A value is trying to be set on a copy of a slice from a DataFrame.
Try using .loc[row_indexer,col_indexer] = value instead

See the caveats in the documentation: http://pandas.pydata.org/pandas-docs/stable/indexing.html#indexing-view-versus-copy
  self.obj[item] = s


In [8]:
training_set = pd.get_dummies(training_set, columns = ["Pclass", "Embarked"], drop_first = False) 
test_set = pd.get_dummies(test_set, columns = ["Pclass", "Embarked"], drop_first = False) 

In [9]:
training_set.Sex = training_set.Sex.apply(lambda x: int(x == "male"))
test_set.Sex = test_set.Sex.apply(lambda x: int(x == "male"))

### Create model

First of all, we need to convert our data sets to xgboost DMatrix:

In [11]:
xgb_train = xgb.DMatrix(data = training_set.drop(columns="Survived"),
                        label = training_set.loc[:, "Survived"])

xgb_test = xgb.DMatrix(data = test_set.drop(columns="Survived"),
                       label = test_set.loc[:, "Survived"])
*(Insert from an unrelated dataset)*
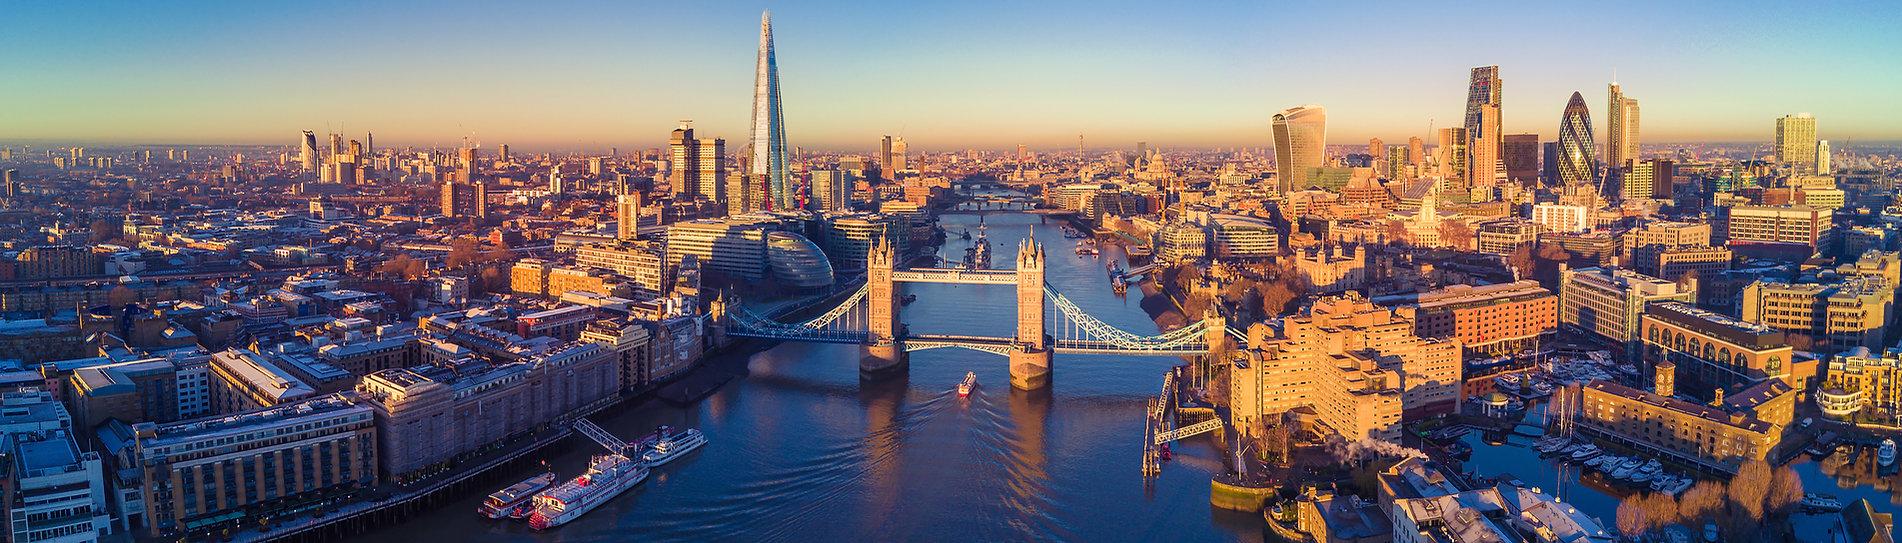 London Panoramic.jpg

Now let's chose the hyperparameters using random search and cross-validation:

In [12]:
n_trials = 1000
eta = np.random.uniform(low = 0.01, high = 0.3, size = n_trials)
max_depth = np.random.randint(low = 3, high = 11, size = n_trials)

In [13]:
results_cv = list()
for i in range(n_trials):
    params = {
        "eta": eta[i],
        "max_depth": max_depth[i],
        "objective": "binary:logistic",
        "silent": 1,
        "eval_metric": "error"
    }
    result = xgb.cv(params = params,
                    dtrain = xgb_train, 
                    num_boost_round = 200, 
                    nfold = 5, 
                    stratified = True,
                    early_stopping_rounds = 5)
    results_cv.append(result)

In [14]:
errors = [res["test-error-mean"].min() for res in results_cv]
rounds = [res.shape[0] for res in results_cv]
best_trial = np.argmin(errors)
best_eta = eta[best_trial]
best_max_depth = max_depth[best_trial]
best_nrounds = rounds[best_trial]

In [15]:
print("# trials: {}".format(n_trials))
print("eta: {0:.3}, max_depth: {1}, nrounds: {2}, error = {3:.3}".format(best_eta, best_max_depth, best_nrounds, min(errors)))

# trials: 1000
eta: 0.276, max_depth: 6, nrounds: 19, error = 0.163


And now let's train the model with the best hyperparameters:

In [16]:
model = xgb.XGBClassifier(max_depth = best_max_depth, learning_rate = best_eta,
                         n_estimators = best_nrounds, silent = False,
                         objective = 'binary:logistic')

In [17]:
model.fit(X = training_set.drop(columns = "Survived"), 
          y = training_set.Survived)

XGBClassifier(base_score=0.5, booster='gbtree', colsample_bylevel=1,
       colsample_bytree=1, gamma=0, learning_rate=0.27553718933881405,
       max_delta_step=0, max_depth=6, min_child_weight=1, missing=None,
       n_estimators=19, n_jobs=1, nthread=None,
       objective='binary:logistic', random_state=0, reg_alpha=0,
       reg_lambda=1, scale_pos_weight=1, seed=None, silent=False,
       subsample=1)

### Predict test set and estimate accuracy

In [18]:
test_predictions = model.predict(test_set.drop(columns = "Survived"))
test_predictions = [(x > 0.5).astype(int) for x in test_predictions]

  if diff:


In [19]:
accuracy = np.sum(test_predictions == test_set.Survived) / len(test_predictions)

In [20]:
print("validation accuracy = {0:.3}".format(accuracy))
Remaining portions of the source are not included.